Low vitality, sleeping disorders and cerebral pains are becoming a common issue nowadays and experienced by most of the people. Do you ever able to find the reason behind these side effects.
The reason might be a vitamin deficiency, lower level of magnesium or vitamin K. When the amount of any one reduce in the body then you’ll feel such side effects.

                                                                Charisma Magazine

Most of the people don’t know this but magnesium is an important microelement to keep us healthy as it is believed to be a part of around 300 synthetic responses related to our bodies.

The new proteins shaped in the body by amino acids and backings the transformation of sustenances to vitality. It will help to reduce the tension and weakness. It also lessens a headache as well.


Your serotonin level becomes low if your magnesium level is low. It affects the function by constricting the blood vessels. Depression and insomnia also caused by magnesium deficiency.


Women aged 19-30 should consume a 310mg dose of magnesium daily and men aged 19-30 should intake 400mg daily.

According to dietary sources following are the things at that are richest dietary sources of magnesium:

Fish, Avocado, Nuts, Meat, Spinach, Bread (wholegrain) and Brown rice.

Do you know that Vitamin K produced proteins and also prevent other issues like blood clotting and bruising, and stops bleeding? It protects the artery system and clears the valves. It also reduces the risk of Alzheimer’s and prostate cancer. It helps calcium to make the bones strong and with the help of vitamin D, it also reduces the risk of fractures.

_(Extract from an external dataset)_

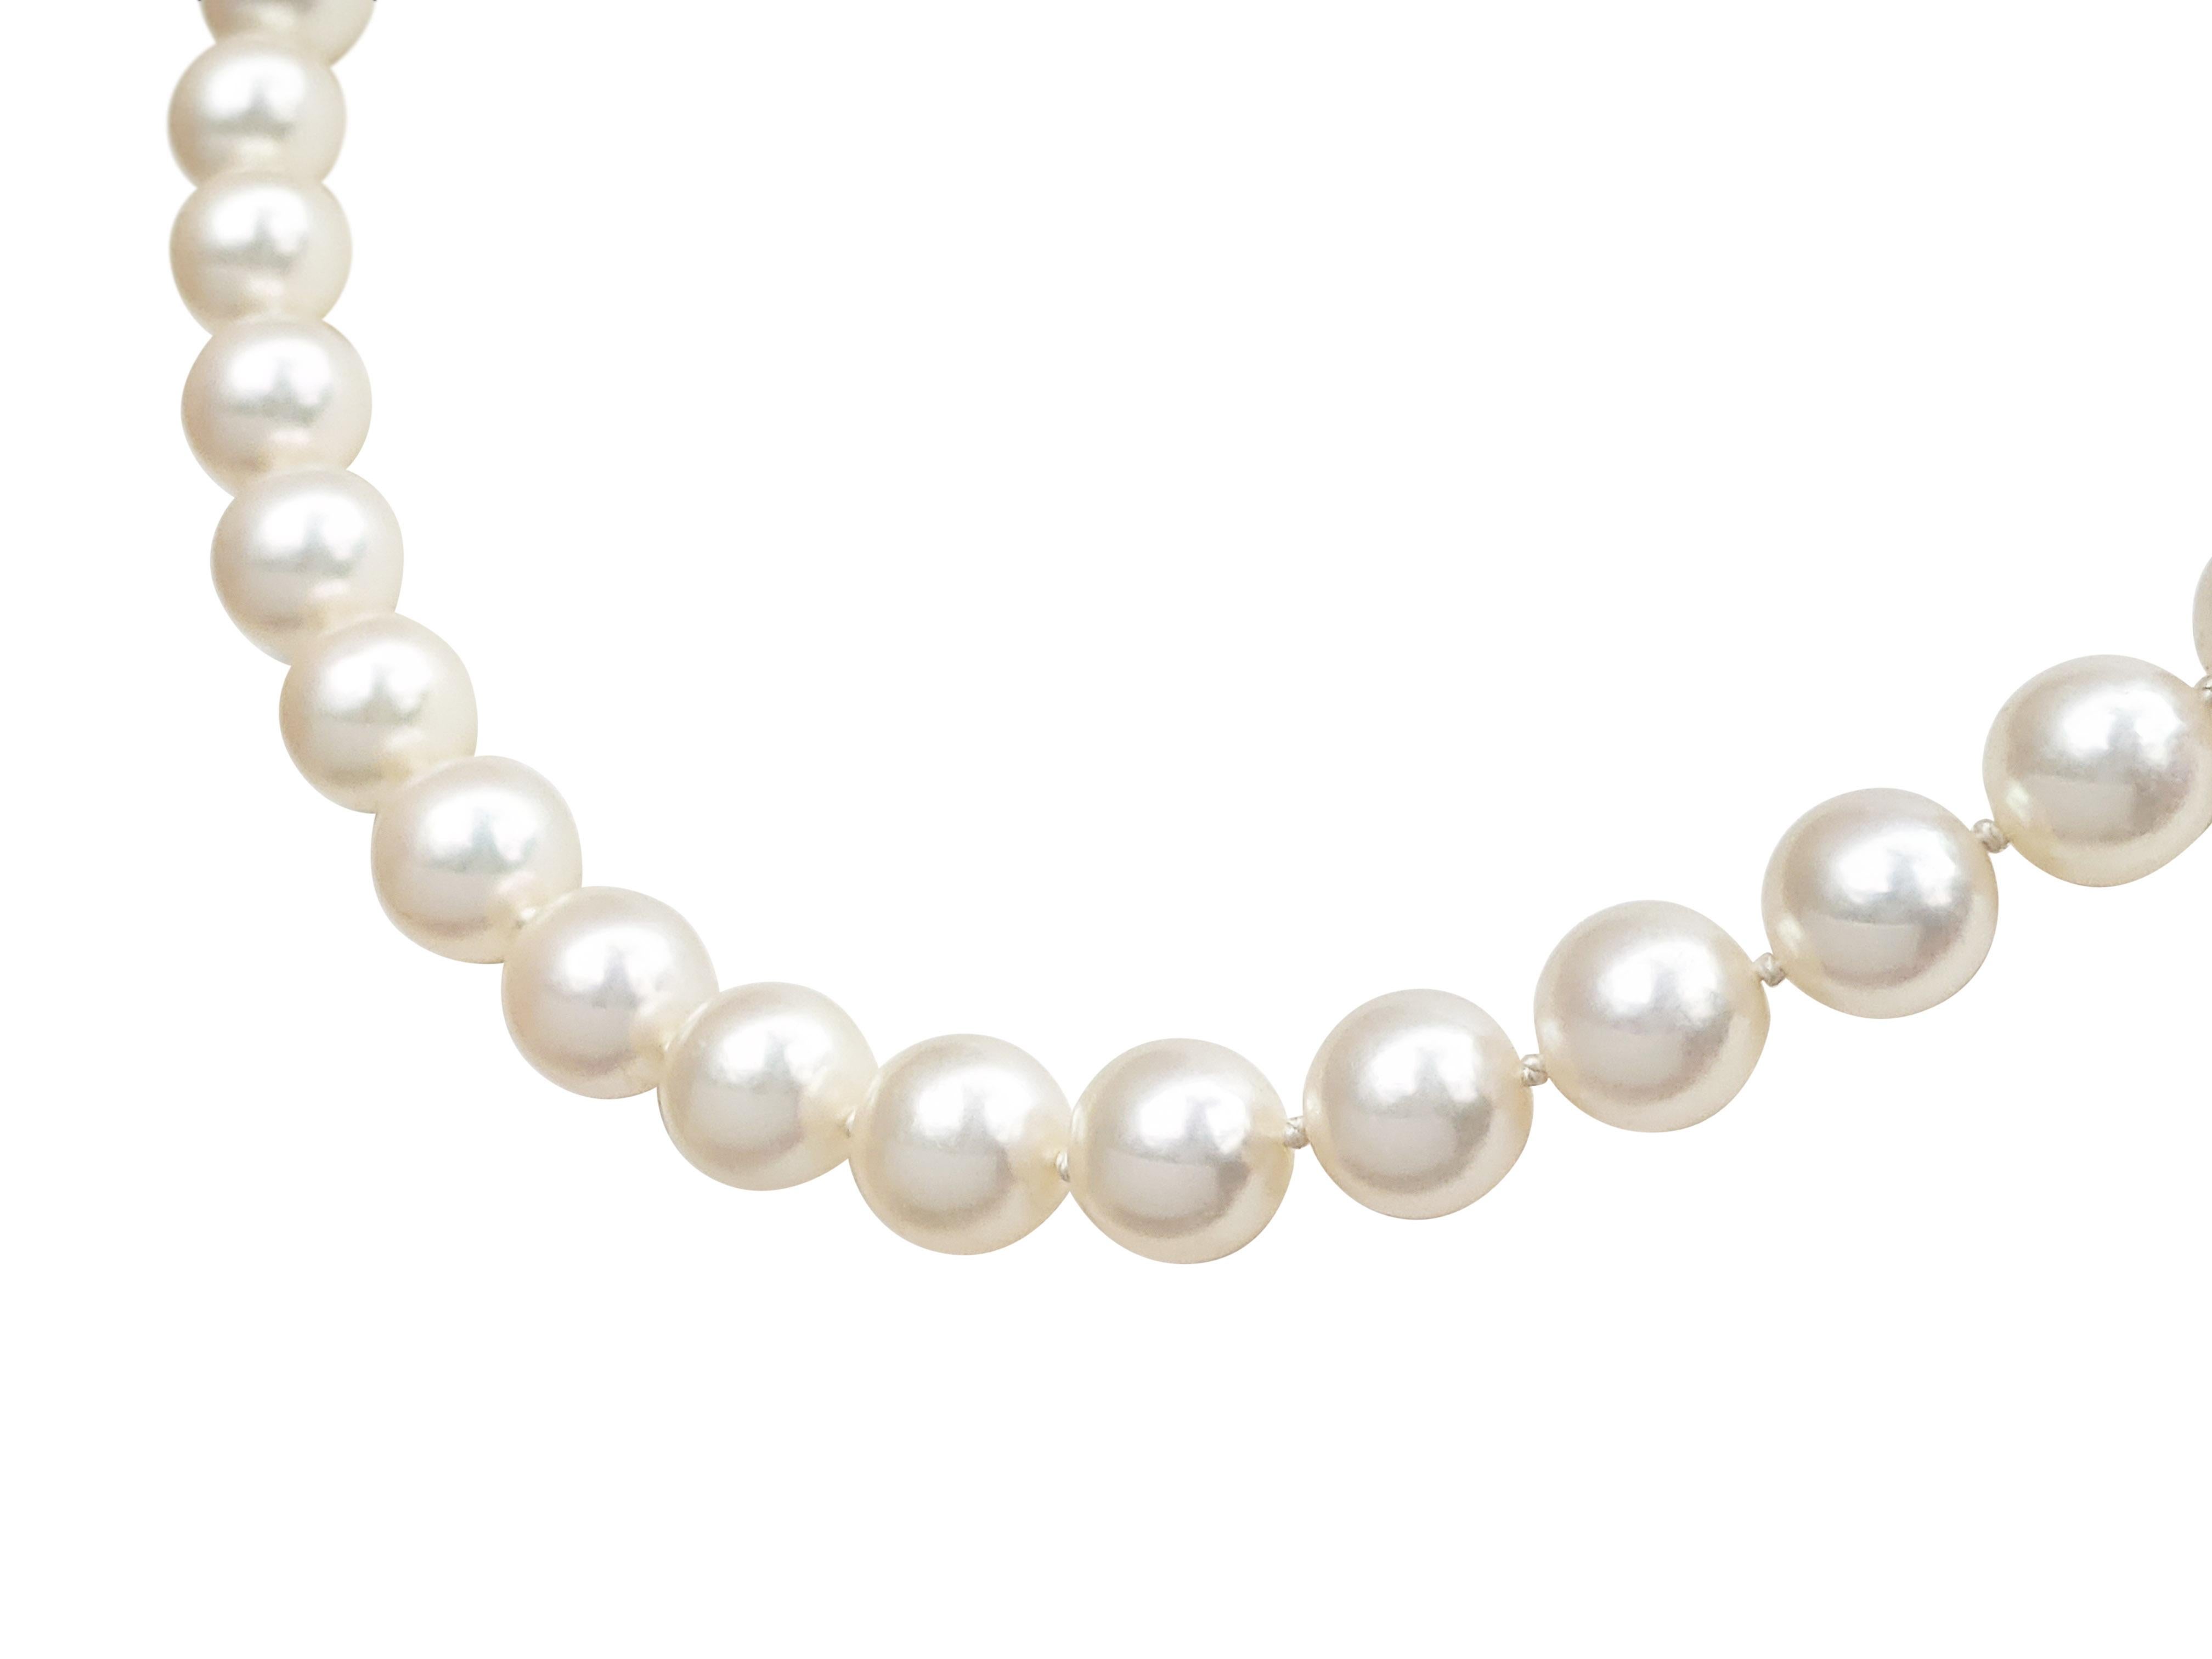 Art Deco $1 NO RESERVE! - 7.5mm Cream Japanese Akoya Pearls, Yellow Gold Necklace
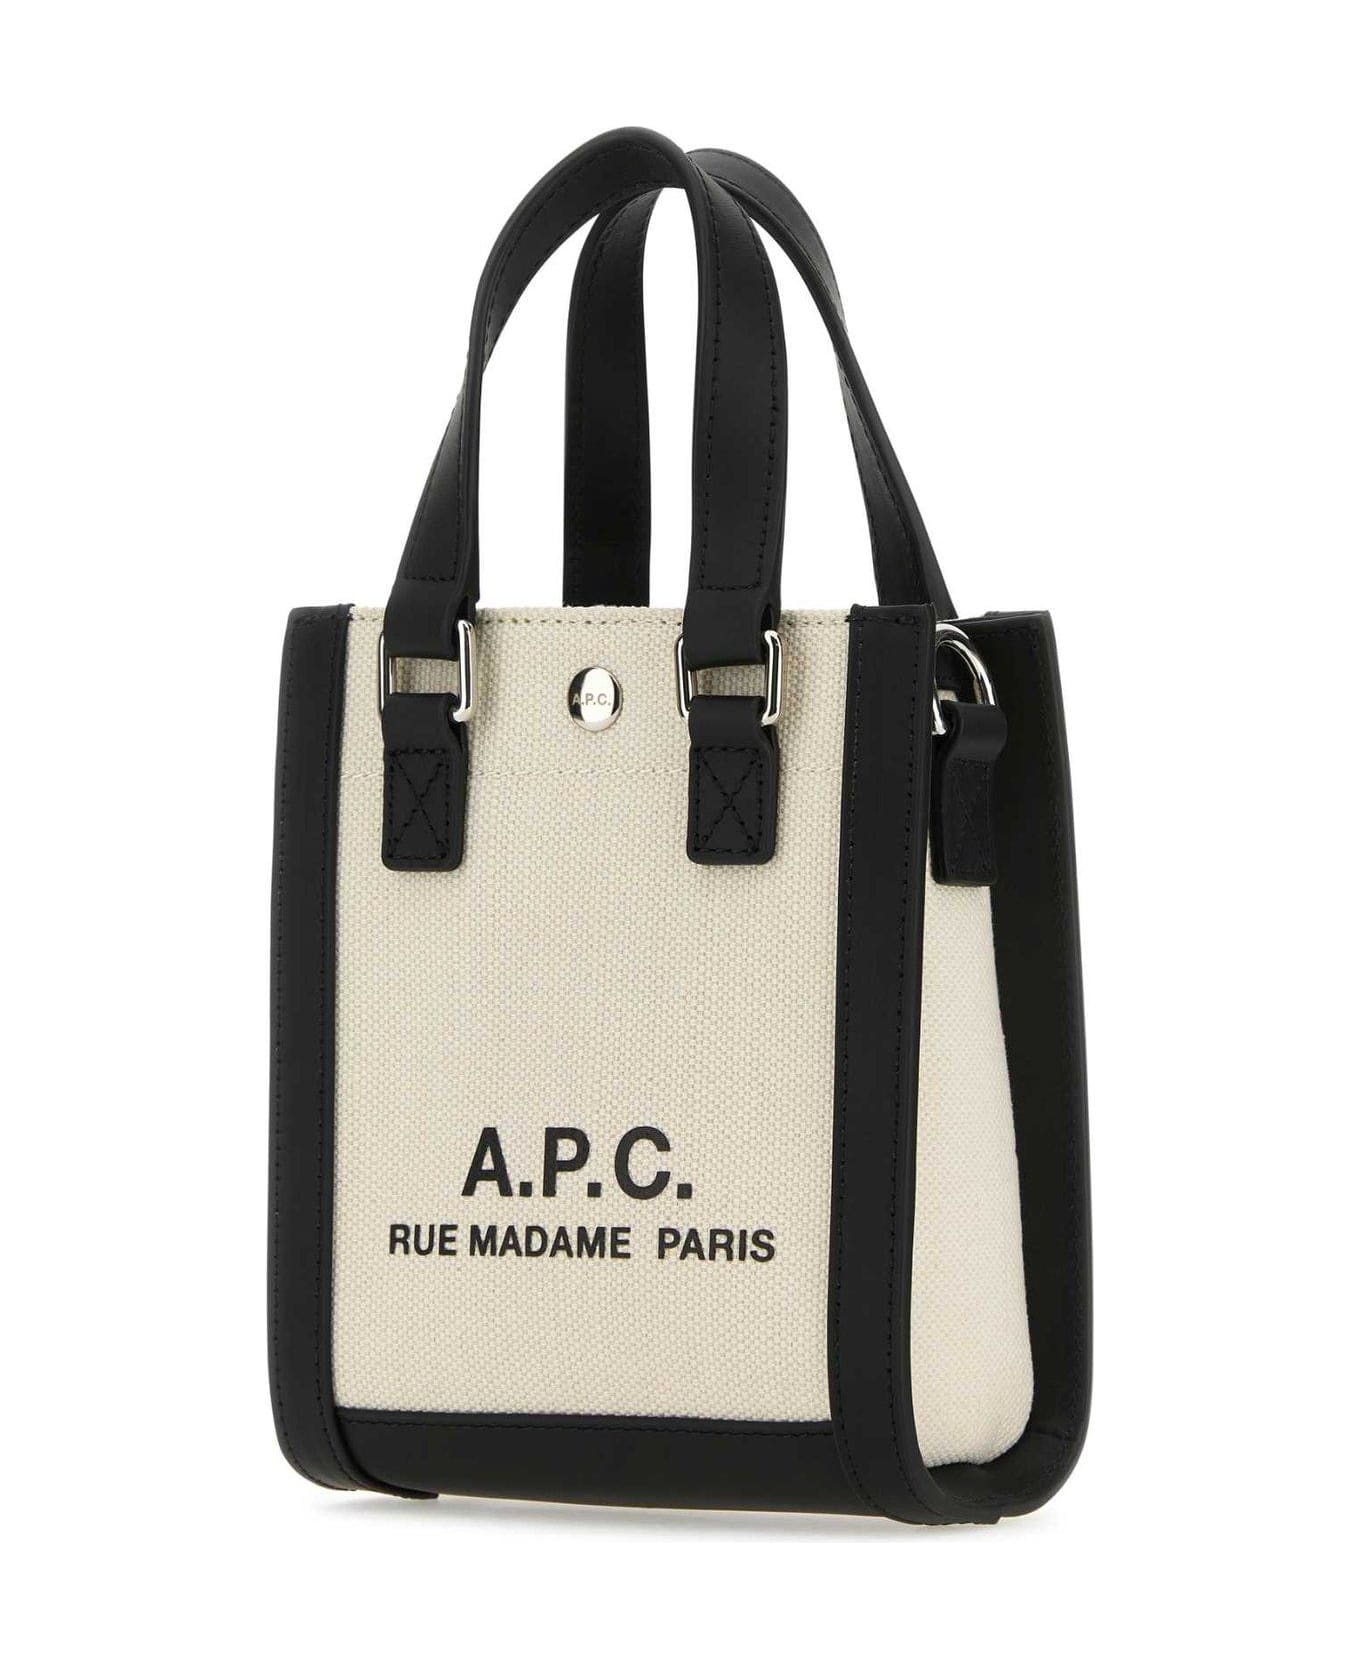 A.P.C. Camille Top Handle Bag - Black トートバッグ

For adults the recommended dosage is is 0.001mg of vitamin K for every 1 kg of body weight.

Foods that are richest sources of Vitamin K:

Herbs like sage, thyme, parsley, basil, chives, marjoram, and coriander.

Brassica vegetables such as broccoli, cabbage, Brussels sprouts, savoy cabbage, cauliflower.

Green leafy vegetables include kale, beet greens, mustard greens, turnip greens, spinach etc

Spices such as chilli powder, cayenne pepper, curry and paprika.

Salad green leaves that include celery, radicchio, onions, romaine lettuce, watercress, iceberg lettuce etc.

Leeks, ladyfingers, dried fruit, pickles, olive oil, fennel, asparagus, and soybeans.

Before going towards any supplements consult your doctor first.